Uma Escola fora do comum
Uma Escola fora do comum
Silvânia Marques Motta
O presente trabalho é efeito da leitura dos seguintes textos institucionais, a Ata de Fundação da Escola Freudiana de Paris e a Proposição de outubro de 1967, bem como da leitura da Terceira, coordenada pelo Orris, e dos textos do seminário “O inconsciente é a política”, coordenado pela Zú, que acontecem na quinta à noite.
Inicio com uma citação da Proposição de outubro de 67: “…Escola, ela não o é apenas no sentido de distribuir um ensinamento, mas de instaurar entre seus membros uma comunidade de experiência, cujo cerne é dado pela experiência dos praticantes” (1ª versão; p. 7).
O título deste trabalho traz o significante “fora”, pensado em referência ao lugar da Escola de psicanálise em relação ao mal-estar na civilização e também à especificidade do saber aí produzido.
O discurso analítico é o único que permite sustentar uma pergunta frente a esse mal-estar, ao fazer um contraponto aos discursos capitalista e da ciência. Tal refúgio é propiciado pela possibilidade de questionamento, de manter aberto o lugar da hiância, em resistência às tentativas de tentar recobri-la com os objetos comuns – leia-se imaginários e condensadores de gozo – oferecidos pelo mercado e viabilizados pela ciência, na contemporaneidade. Contudo, refúgio não implica em um abrigo, como numa “casa de repouso para veteranos”, mas no que Lacan indicou ser uma “base de operação contra o mal-estar”, num diferente estilo de vida, a partir de uma modalidade inédita de funcionamento.
(Por “objeto comum” entenda-se aquele não próprio do desejo. E se é de gozo, pode ser qualquer um, e tomado em substituição infinita. A felicidade não é permanente, é preciso perder o gozo para aceder a ele de um outro jeito, no seu valor de uso, posto que efêmero.)
O saber psicanalítico é um saber que se faz com o próprio inconsciente, que está na outra via que não a da acumulação de conhecimento. O significante “fora” remete ao Real como pano de fundo nessa produção. A Escola fundada por Laca se distingue das Sociedades da época como uma comunidade de experiência que leva em conta o Real na formação.
Segundo Moustapha Safouan, Lacan tem razão quando dá a entender nos seus Escritos que “um ensino que responde à demanda de aprender, no sentido de aprender conhecimentos comuns, é um ensino que engana a ignorância, em vez de dela se servir” (Jacques Lacan e a questão da formação dos analistas; p. 43).

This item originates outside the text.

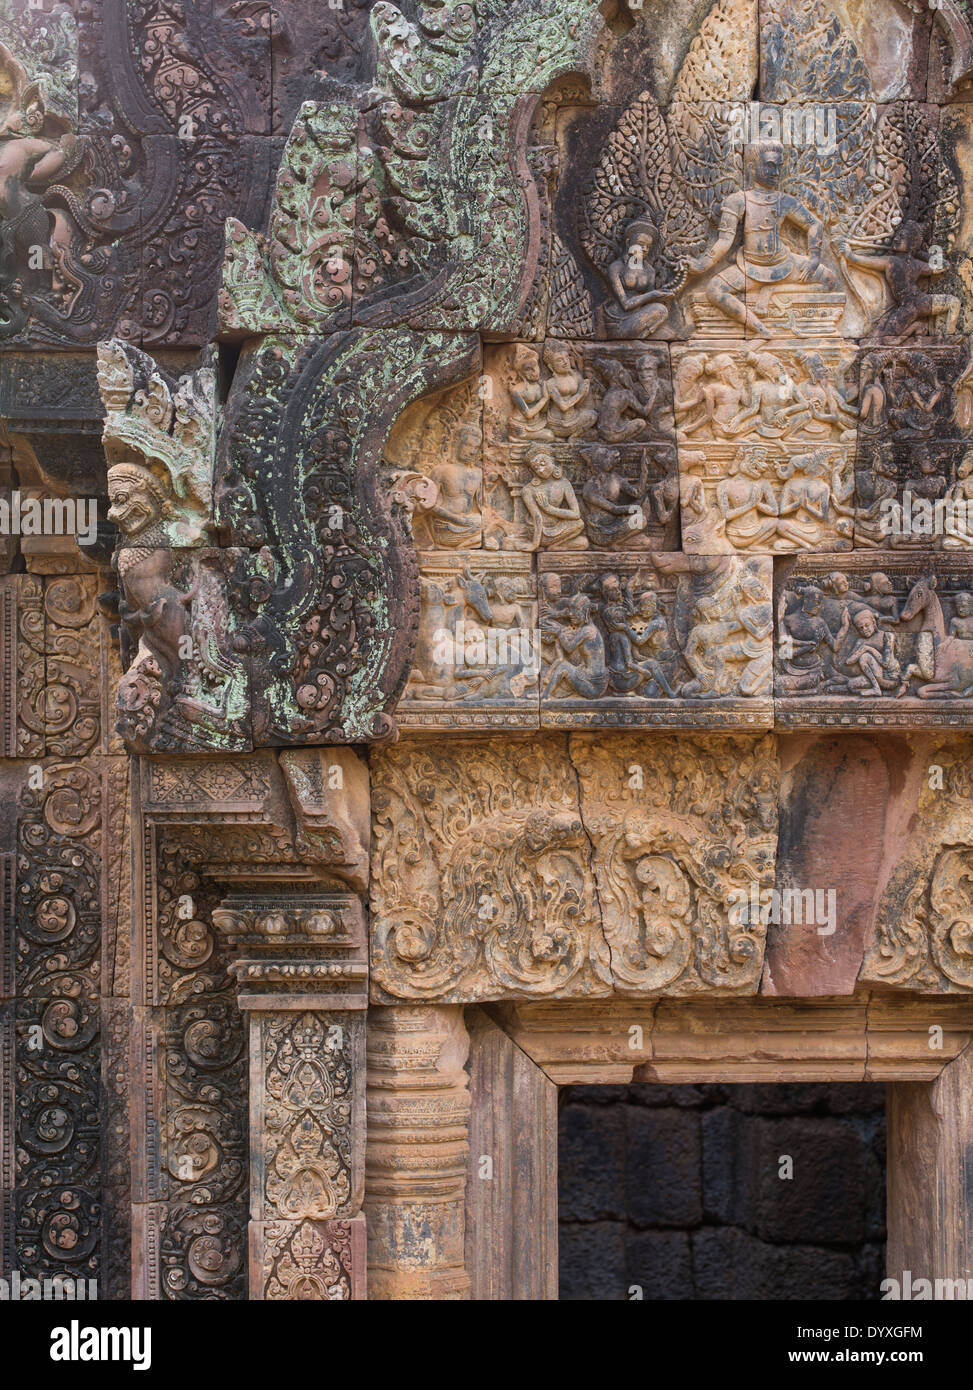 Dans les sculptures ornées de linteaux de grès au-dessus des embrasures à Banteay Srei un temple hindou dédié à Shiva. Siem Reap, Cambodge Banque D'Images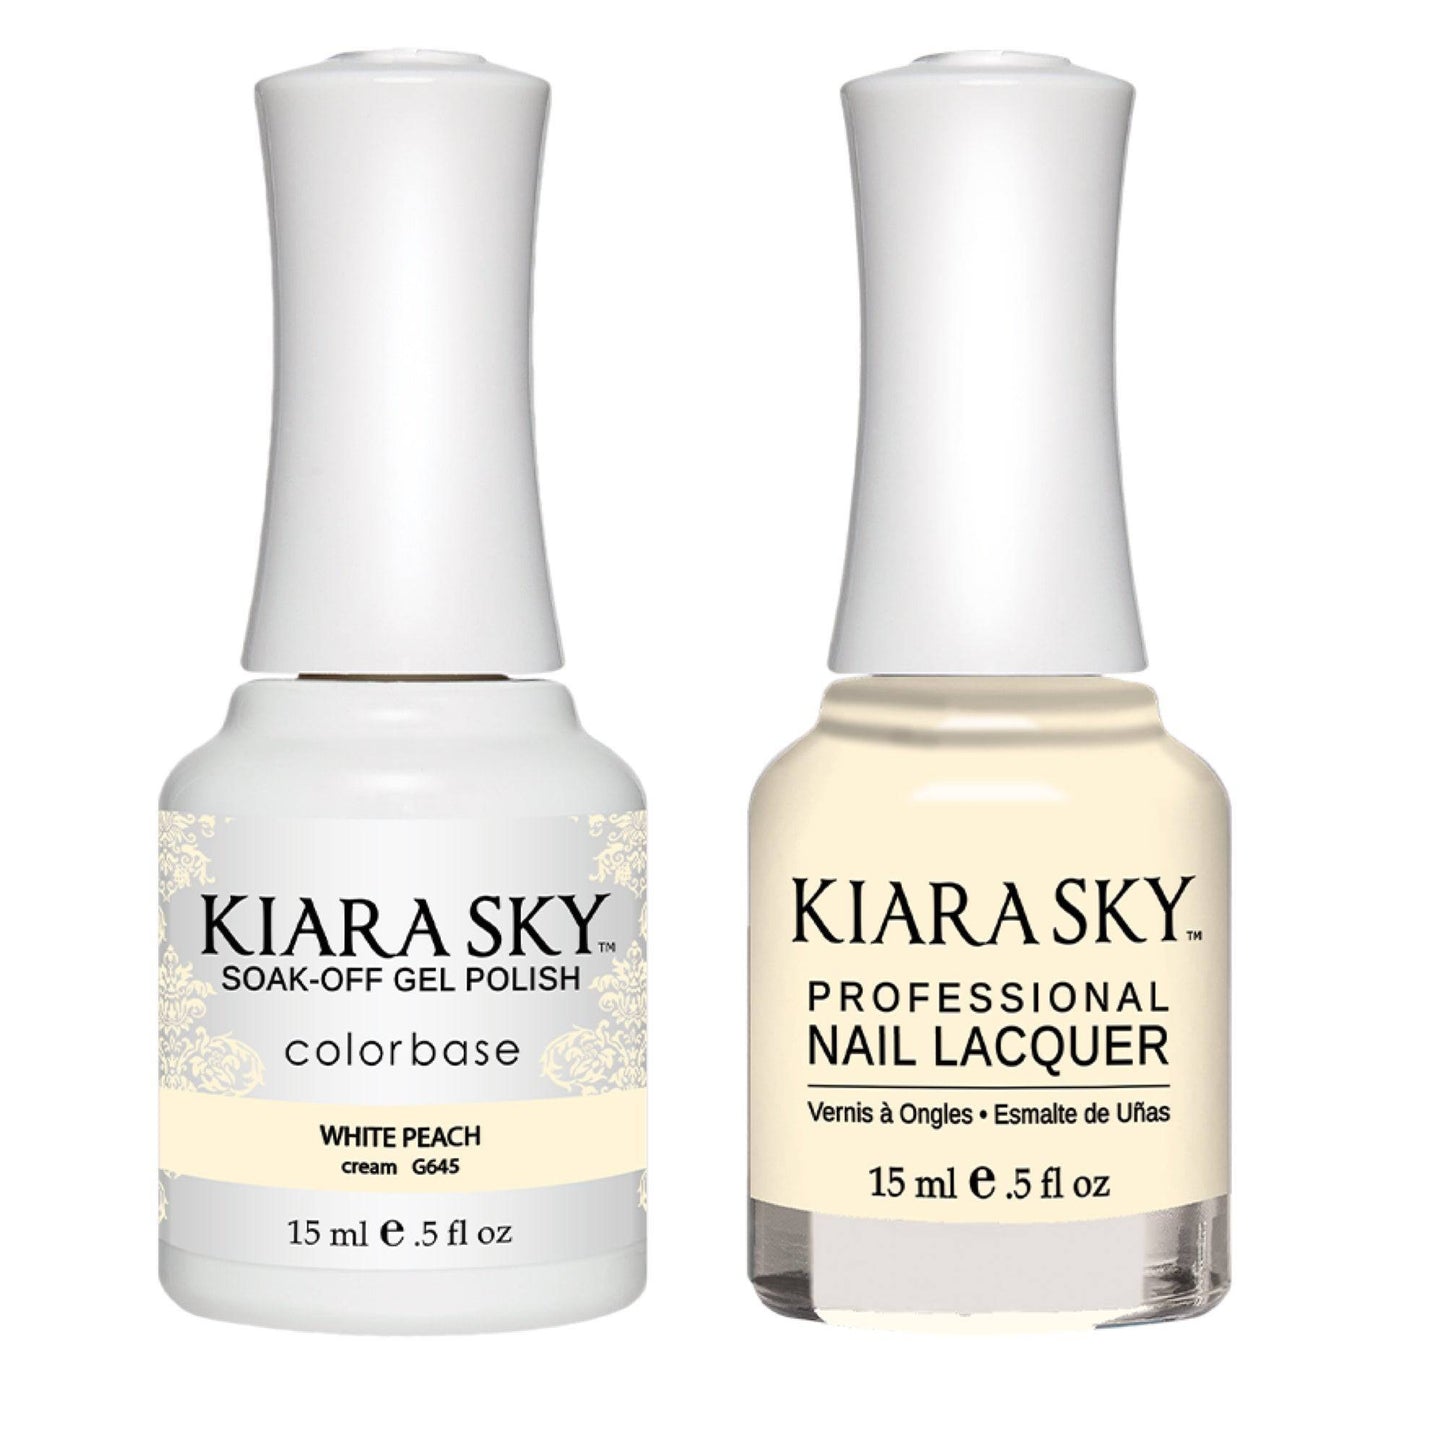 Kiara Sky Gel + Matching Lacquer - White Peach #645 - Universal Nail Supplies

O ensino que a Escola visa é aquele que advenha na junção da psicanálise com os saberes afins e que possa passar alguns significantes cuja escuta cause efeitos de trabalho, fundando, assim, a possibilidade de transmissão.
A entrada na Escola constitui um endereçamento à psicanálise, é dirigir-se a um laço de trabalho comum, seja enquanto responsável pelo avanço da Escola, seja pela posição que nela se ocupa (o que se refere às categorias de nominação de membro e de participante da Escola, conforme a Ata de 2010, do Ato Freudiano).
Estar na Escola não significa estar em formação. Na Proposição, há também uma passagem importante, na qual fica estabelecido que a Escola garante a relação do analista com a formação, e não que a formação mesma esteja garantida.
Ao basear sua formação no Cartel, dispositivo de transmissão sustentado na transferência de trabalho, e ao eleger o gradus como princípio de funcionamento, a Escola considera que o que está em questão na formação é o desejo do analista. (O gradus é à medida dos passos dados pelo analista, que deu suas provas na extensão. Subverte o desejo de reconhecimento em reconhecimento de desejo).
Que cada um tomará a Escola na medida do seu desejo, é o que atesta a formulação de que não há relação sexual. Desejo esse que será posto à prova, para que o Real não conduza ao seu próprio desconhecimento, mas possa haver uma chance à articulação da falha no saber, desde a causa do desejo – objeto ª
Na Terceira, Lacan diz que “…é somente pela psicanálise, é nisso que esse objeto constitui o cerne elaborável do gozo, mas ele só se sustenta da existência do nó” (p.8).
A exposição e crítica do trabalho e a função mais-um no Cartel constituem provas ao desejo na extensão. Referem-se ao corte, que permite a exclusão no sentido e coloca em campo a ex-sistência, condição de nodulação e seus efeitos de enxugamento. As provas ao desejo promovem um descompletamento imaginário e colocam em perspectiva o Sujeito diante do engano, e a ele só resta simbolizar algo diante da falta. Não nos esqueçamos de algo que Lacan formulou na fundação da Escola, sobre o ponto em que o problema do desejo não pode ser escamoteado, que é quando se trata do próprio psicanalista (Preâmbulo da Ata de Fundação da E.F.P).